Background: Distress intolerance is linked to the maintenance of panic disorder and cigarette smoking, and may underlie both problems.
Method: Smokers (n = 54; 40.7% panic disorder) were recruited for an experimental study; half were randomly assigned to 12-hour nicotine deprivation and half smoked as usual. The current investigation consisted of secondary, exploratory analyses from this larger experimental study. Four distress intolerance indices were examined as predictors of anxious responding to an emotional elicitation task (10% carbon dioxide (CO2)-enriched air challenge); anxious responding was in turn examined as a predictor of post-challenge panic and nicotine withdrawal symptoms.

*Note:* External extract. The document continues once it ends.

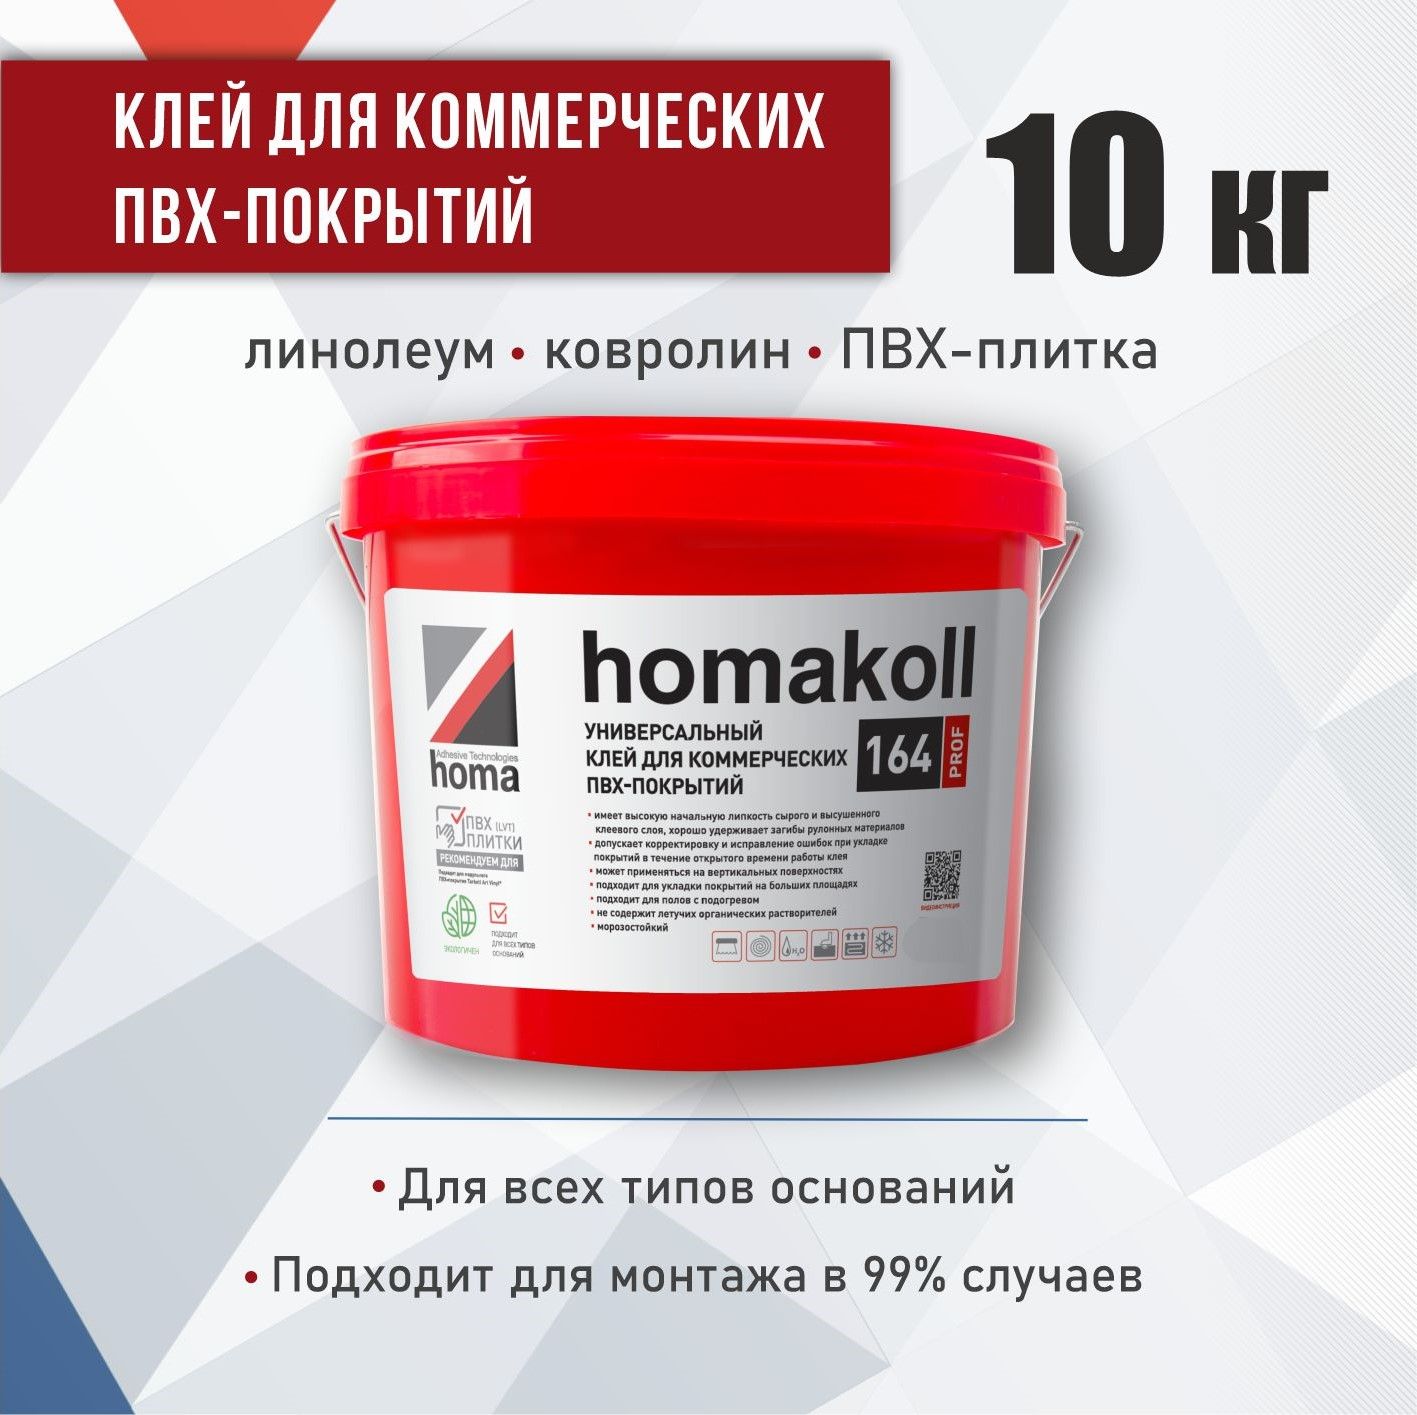 Homakoll 164 Prof –  клей для напольного покрытия на  по .

Results: The Distress Tolerance Scale (DTS) was significantly negatively associated with anxious responding to the challenge (β = -0.41, p = 0.017). The DTS was negatively associated with post-challenge increases nicotine withdrawal symptoms indirectly through the effect of anxious responding to the challenge (b = -0.485, CI95% (-1.095, -0.033)). This same indirect effect was found for post-challenge severity of panic symptoms (b = -0.515, CI95% (-0.888, -0.208)). The DTS was directly predictive of post-challenge increases nicotine withdrawal symptoms, in the opposite direction (β = 0.37, p = 0.009), but not panic symptom severity.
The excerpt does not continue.